● Material shown:
◆ ◆ ◆ ◆ ◆
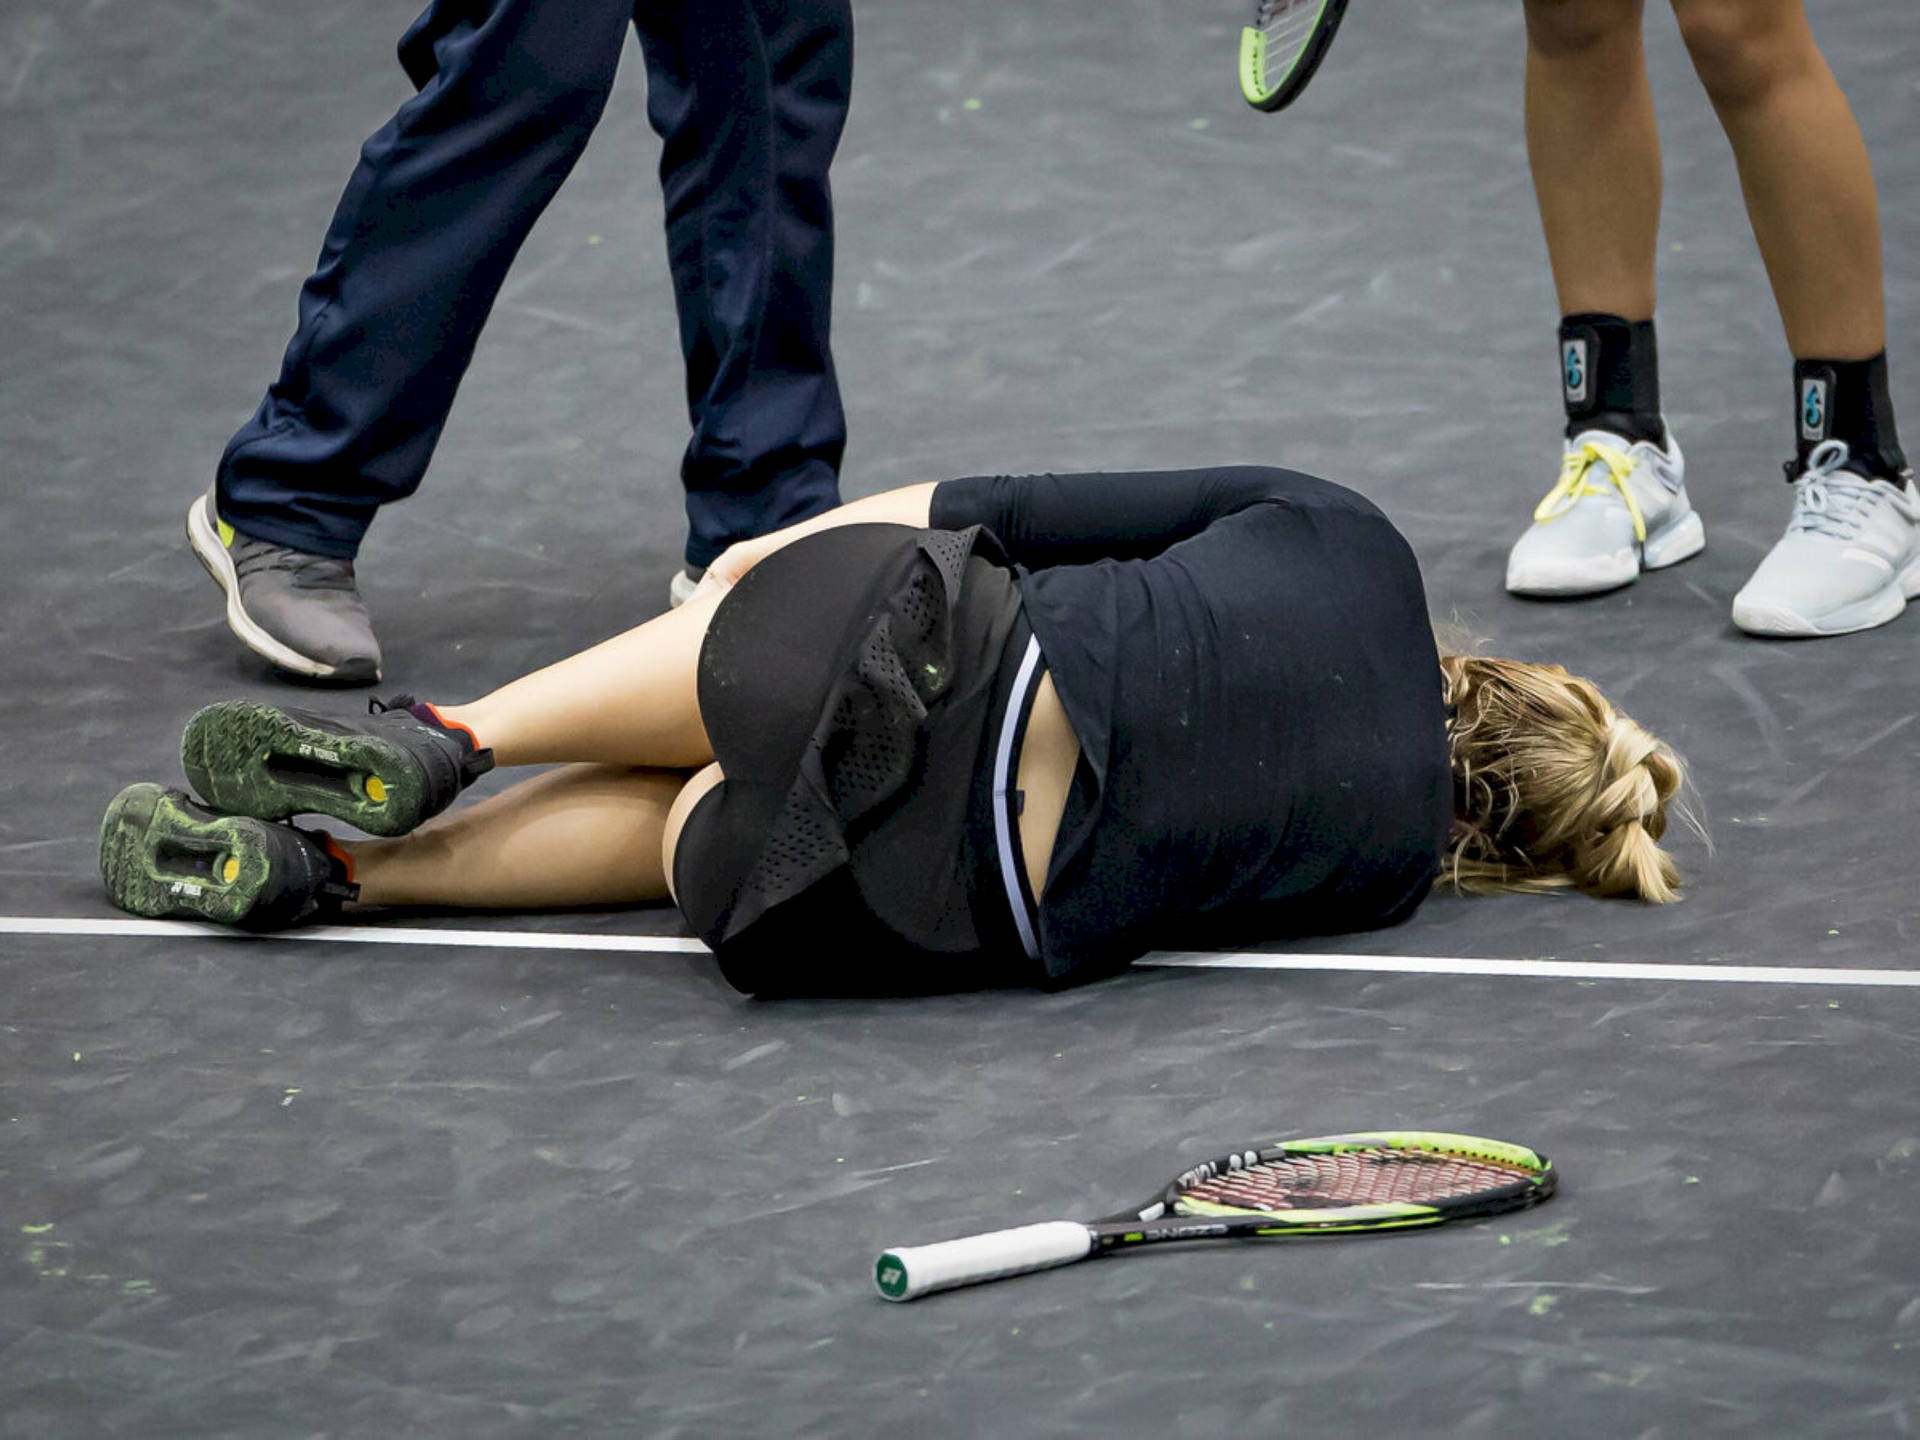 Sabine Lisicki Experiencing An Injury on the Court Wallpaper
◆ ◆ ◆ ◆ ◆
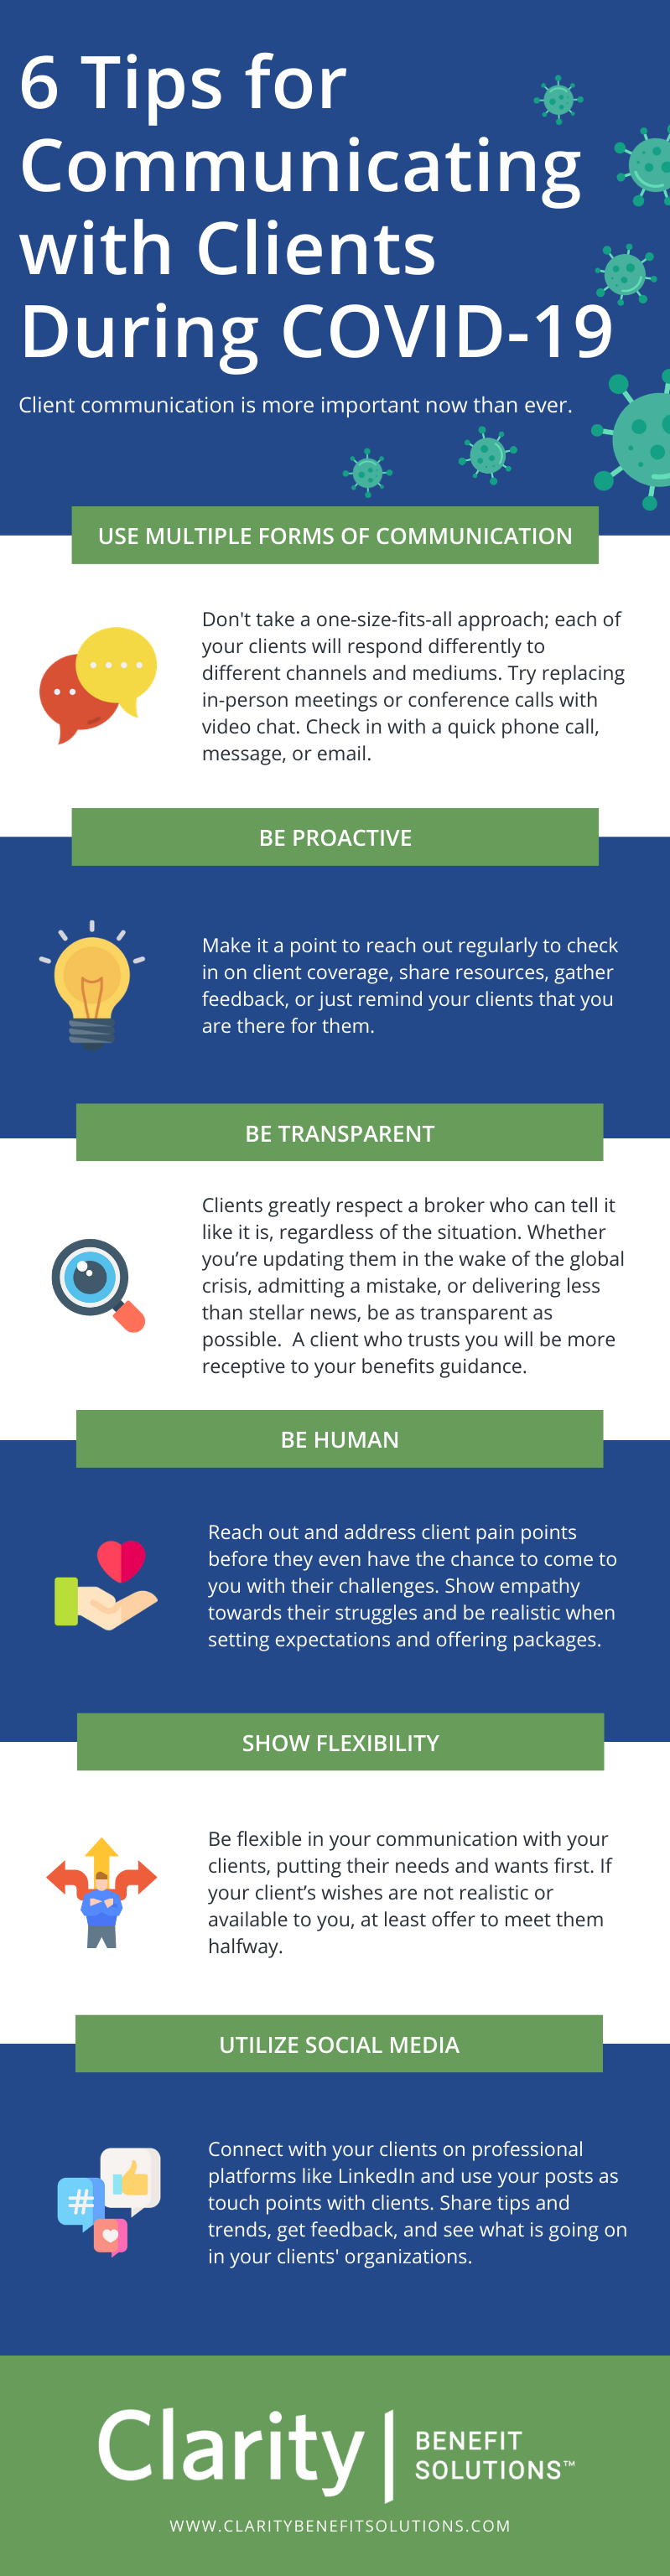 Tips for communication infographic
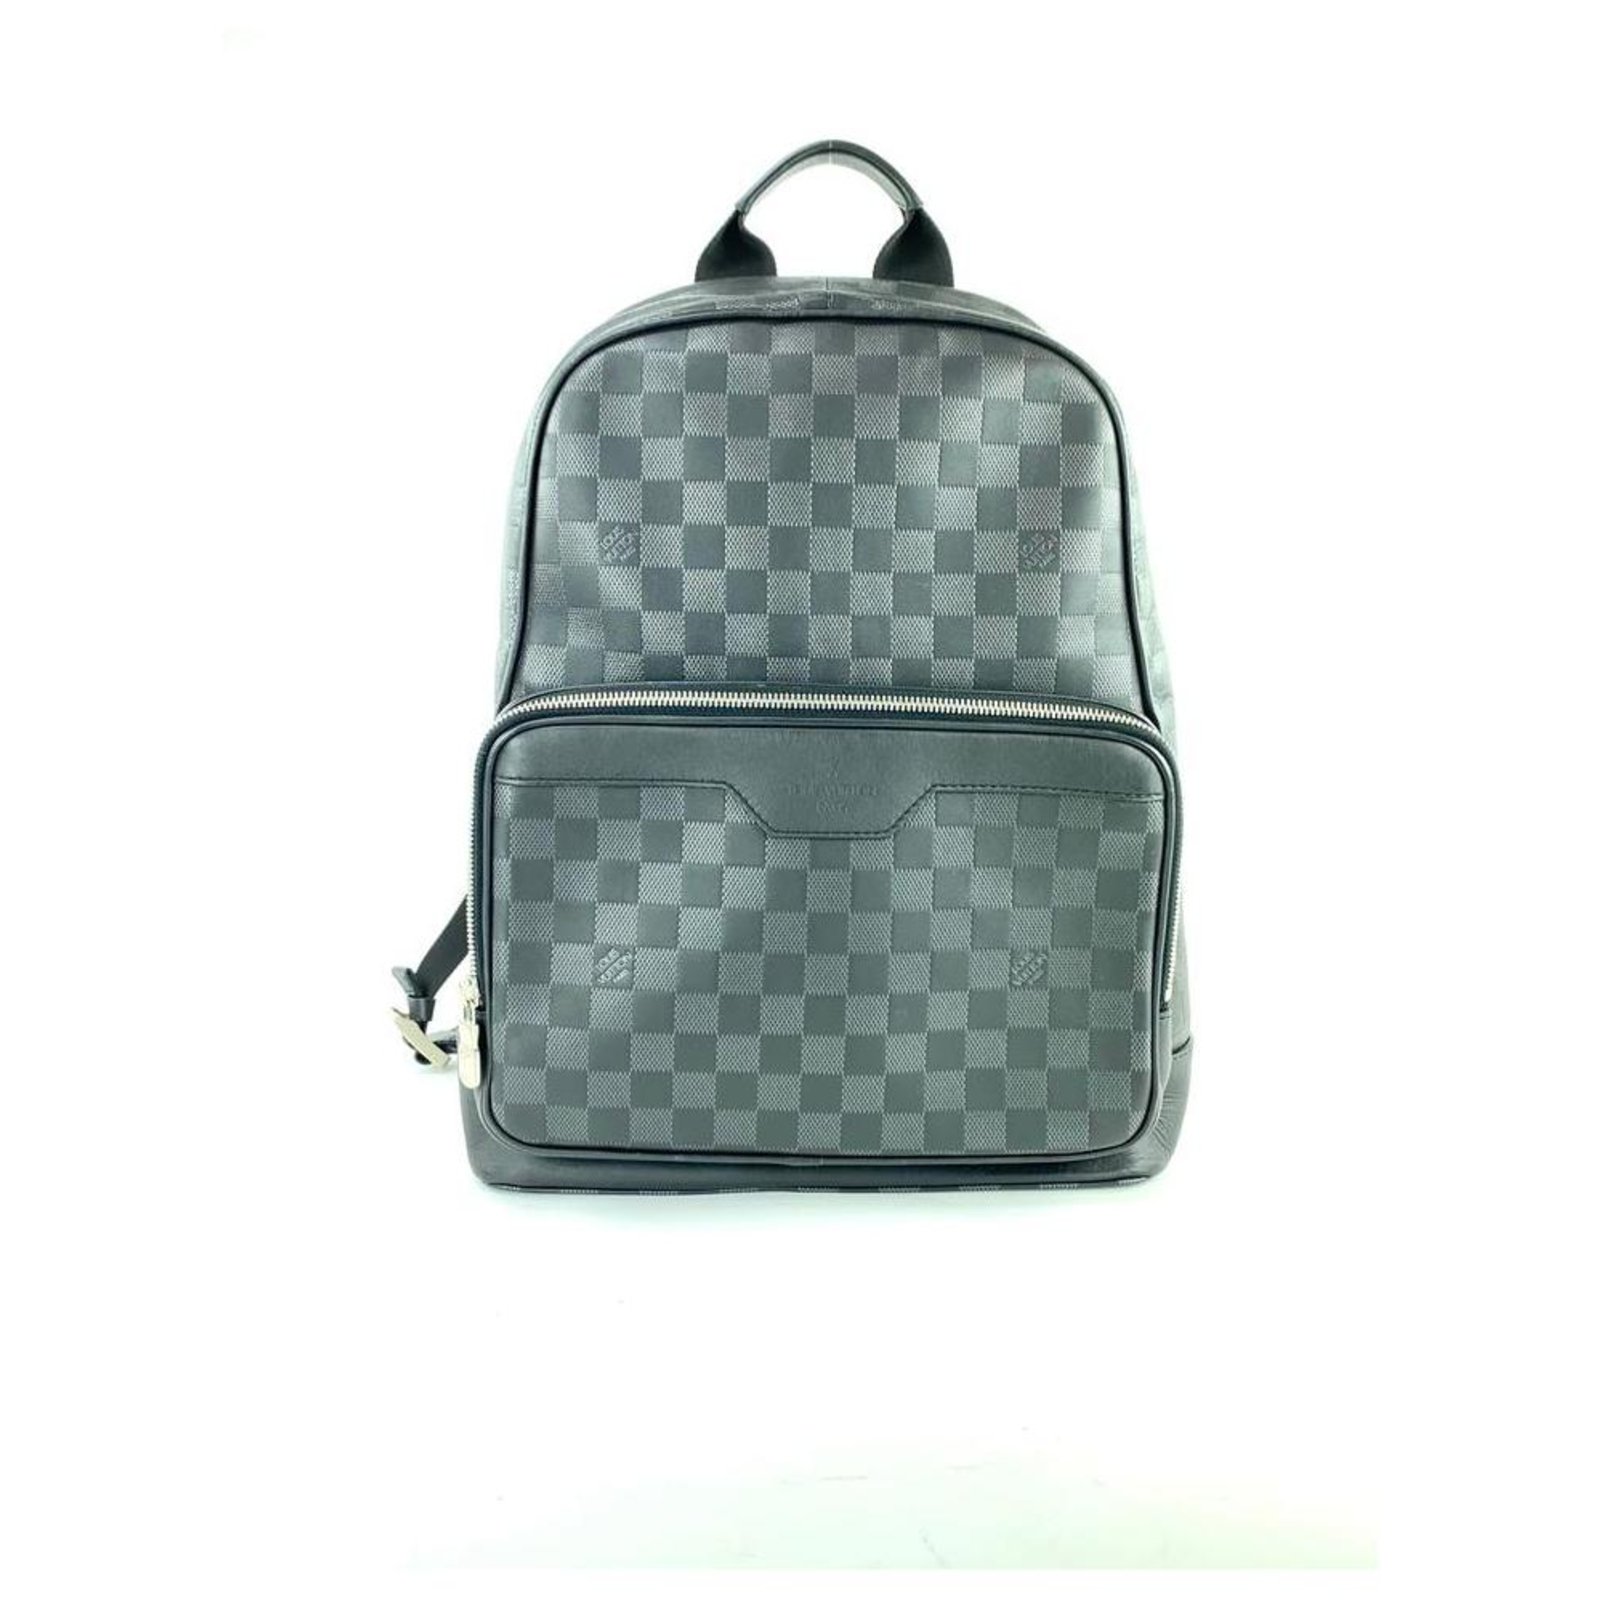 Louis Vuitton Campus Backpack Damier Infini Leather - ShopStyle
◆ ◆ ◆ ◆ ◆
● Problem details:
Exact copy, pictures excluded: from the line with "Tips for communication infographic" up to and including the line with "Louis Vuitton Campus" in the data above.

● Solution to this task:
 Tips for communication infographic
 Louis Vuitton Campus Backpack Damier Infini Leather - ShopStyle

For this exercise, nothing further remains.